Bootstrap resampling.

  • covariance: Only useful for runComputeCov.py when computing the covariance matrix using bootstrap resampling method.
  • n_boots: Number of bootstrap samples to use. Default: 5000
  • Example:
covariance: 
    n_boots: 5000

Outputs

  • Assume output_prefix: massive

runComputeDS.py

  • A summary of the DeltaSigma profiles for the primary pre-computed result: massive_dsigma.npz or massive_dsigma_with_random.npz when a random catalog is available. The data available in this compressed file are:

    • dsigma_output: structured array as a summary of the DeltaSigma results. Will describe later.
    • cosmology: A dictionary of key cosmology parameters.
    • config: A dictionary for all the configuration parameters.
    • jackknife_samples: The DeltaSigma profiles in each Jackknife regions.
    • lens_weights and rand_weights: Final weights for lenses and randoms. (For debugging, will be removed later).
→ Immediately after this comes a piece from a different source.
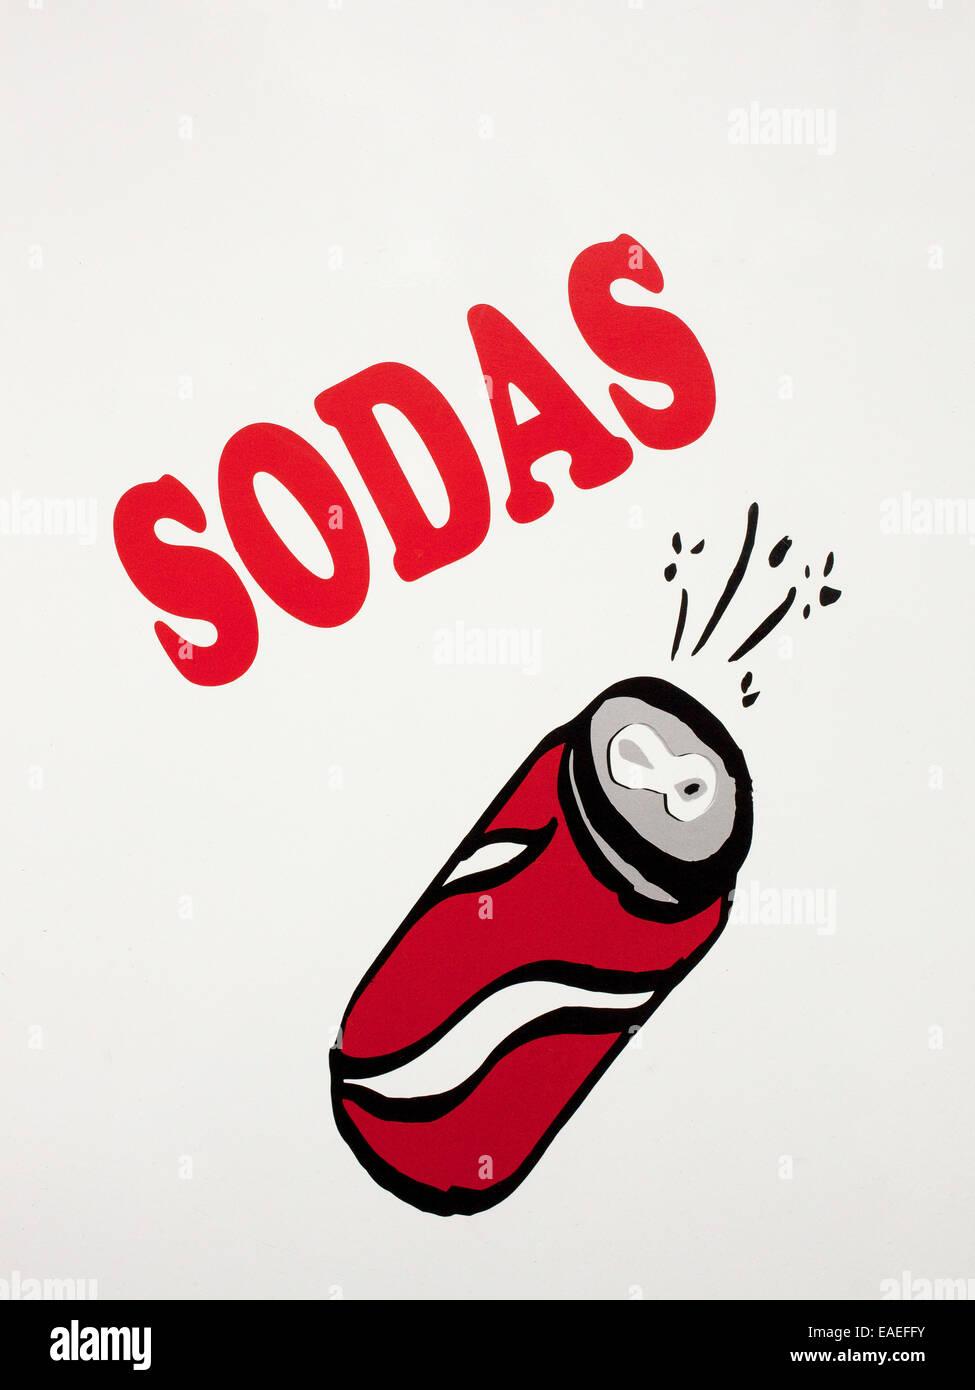 Publicidad signo pintados a mano para la venta de soda Imagen De Stock

  • When comparing with a second lens weight, the results will be in massive_dsigma_wratio.npz:

    • rad: Array for radial bin centers, in the unit of Mpc.
    • cosmology: A dictionary of key cosmology parameters.
    • config: A dictionary for all the configuration parameters.
    • diff_avg: The average ratio between the two DeltaSigma profiles.
    • diff_var: The uncertainty of the ratio.
    • dsig_1 and dsig_2: The DeltaSigma profiles using lens_weight and lens_weight_2 in each of the Jackknife regions. The ratio is in the format of dsig_2 / dsig_1.
    • diff_arr: The ratios of two DeltaSigma profiles in each of the Jackknife region.

  • When comparing with the second set of pre-computed results, the summary file is massive_dsigma_ratio.npz:

    • The output format is the same with massive_dsigma_wratio.npz.

runComputeCov.py

  • The summary of the DeltaSigma profiles for the first set of pre-computed results: massive_ds_cov.npz. Available data are:

    • r_mpc: Radial bin centers in the unit of Mpc.
    • config: Configuration parameters in a dictionary.
    • delta_sigma: The stacked DeltaSigma profile for all lenses.
    • disgma_boot: The DeltaSigma profiles for each of the bootstrap samples.
    • cov_trunc: Covariance matrix for the DeltaSigma profile.

  • When comparing with another lens weight. The output is massive_ds_cov_wratio.npz:

    • r_mpc: Radial bin centers in the unit of Mpc.
    • config: Configuration parameters in a dictionary.
    • dsigma_1 and dsigma_2: The stacked DeltaSigma profile for all lenses using lens_weight and lens_weight_2.
    • ratio_boot: The ratio of DeltaSigma profiles using different weights for each of the bootstrap samples.
    • avg_ratio: The average ratio of two profiles.
    • err_ratio: The uncertainty of the ratio using the diagonal term of the covariance matrix.
    • cov_trunc: Covariance matrix for the ratio of the DeltaSigma profile.

  • When comparing with the second set of pre-computed results. The output is massive_ds_cov_ratio.npz:

    • The format is the same as in the massive_ds_cov_wratio.npz one.